WHAT IS REQUIRED: Below are some records. Pull every line that contains the word "Chest".

[Source records]
· · · · · · ·
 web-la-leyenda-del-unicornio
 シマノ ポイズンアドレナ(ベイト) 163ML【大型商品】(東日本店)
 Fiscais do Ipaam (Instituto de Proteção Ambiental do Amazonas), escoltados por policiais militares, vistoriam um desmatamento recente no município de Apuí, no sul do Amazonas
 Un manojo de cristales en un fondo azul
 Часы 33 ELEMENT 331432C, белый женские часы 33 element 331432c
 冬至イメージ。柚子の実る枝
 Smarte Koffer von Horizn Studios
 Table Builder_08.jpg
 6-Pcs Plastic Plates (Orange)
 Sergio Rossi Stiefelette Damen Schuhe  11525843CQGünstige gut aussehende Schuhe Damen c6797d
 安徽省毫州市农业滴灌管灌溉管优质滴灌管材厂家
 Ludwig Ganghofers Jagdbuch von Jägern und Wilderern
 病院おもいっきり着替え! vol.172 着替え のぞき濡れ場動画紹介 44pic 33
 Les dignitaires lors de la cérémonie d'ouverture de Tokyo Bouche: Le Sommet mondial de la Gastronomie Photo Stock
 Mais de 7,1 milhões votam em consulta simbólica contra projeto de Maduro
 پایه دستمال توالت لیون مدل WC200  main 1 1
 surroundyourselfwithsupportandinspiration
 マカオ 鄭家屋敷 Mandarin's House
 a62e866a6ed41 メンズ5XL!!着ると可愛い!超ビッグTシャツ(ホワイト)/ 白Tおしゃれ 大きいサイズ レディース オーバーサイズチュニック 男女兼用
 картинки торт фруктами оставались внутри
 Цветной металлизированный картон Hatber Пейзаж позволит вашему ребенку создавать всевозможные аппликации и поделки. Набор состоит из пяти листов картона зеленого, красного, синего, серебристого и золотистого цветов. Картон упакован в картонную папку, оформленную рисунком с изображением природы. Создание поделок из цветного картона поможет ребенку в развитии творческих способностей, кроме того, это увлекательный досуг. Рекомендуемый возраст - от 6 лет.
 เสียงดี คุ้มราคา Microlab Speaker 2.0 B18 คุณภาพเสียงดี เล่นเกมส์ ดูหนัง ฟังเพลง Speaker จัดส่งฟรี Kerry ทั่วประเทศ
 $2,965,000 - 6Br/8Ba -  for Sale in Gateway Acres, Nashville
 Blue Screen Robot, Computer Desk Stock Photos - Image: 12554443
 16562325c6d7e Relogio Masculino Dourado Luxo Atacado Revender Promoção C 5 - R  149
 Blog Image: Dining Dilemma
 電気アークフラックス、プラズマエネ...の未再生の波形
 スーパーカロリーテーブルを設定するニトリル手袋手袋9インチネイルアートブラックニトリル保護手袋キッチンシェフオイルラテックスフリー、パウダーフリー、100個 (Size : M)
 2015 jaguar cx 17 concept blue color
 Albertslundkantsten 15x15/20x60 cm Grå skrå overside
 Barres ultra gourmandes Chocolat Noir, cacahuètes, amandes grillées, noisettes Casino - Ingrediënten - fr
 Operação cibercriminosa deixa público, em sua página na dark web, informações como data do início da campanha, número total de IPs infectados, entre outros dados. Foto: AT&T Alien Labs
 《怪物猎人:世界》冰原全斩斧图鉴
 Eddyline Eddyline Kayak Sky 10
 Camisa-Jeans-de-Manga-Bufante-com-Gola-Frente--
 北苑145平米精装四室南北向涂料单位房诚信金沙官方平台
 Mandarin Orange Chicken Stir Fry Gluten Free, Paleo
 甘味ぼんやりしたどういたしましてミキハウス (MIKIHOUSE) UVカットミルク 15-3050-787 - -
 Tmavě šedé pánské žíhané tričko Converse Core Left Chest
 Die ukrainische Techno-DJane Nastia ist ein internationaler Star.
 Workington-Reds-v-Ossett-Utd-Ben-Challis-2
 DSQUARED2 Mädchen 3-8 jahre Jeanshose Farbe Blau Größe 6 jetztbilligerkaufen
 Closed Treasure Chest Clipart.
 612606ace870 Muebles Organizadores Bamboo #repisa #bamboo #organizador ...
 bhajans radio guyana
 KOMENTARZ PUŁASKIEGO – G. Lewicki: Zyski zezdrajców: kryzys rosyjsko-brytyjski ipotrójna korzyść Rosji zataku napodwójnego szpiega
· · · · · · ·
EXERCISE ANSWER:
 Tmavě šedé pánské žíhané tričko Converse Core Left Chest
 Closed Treasure Chest Clipart.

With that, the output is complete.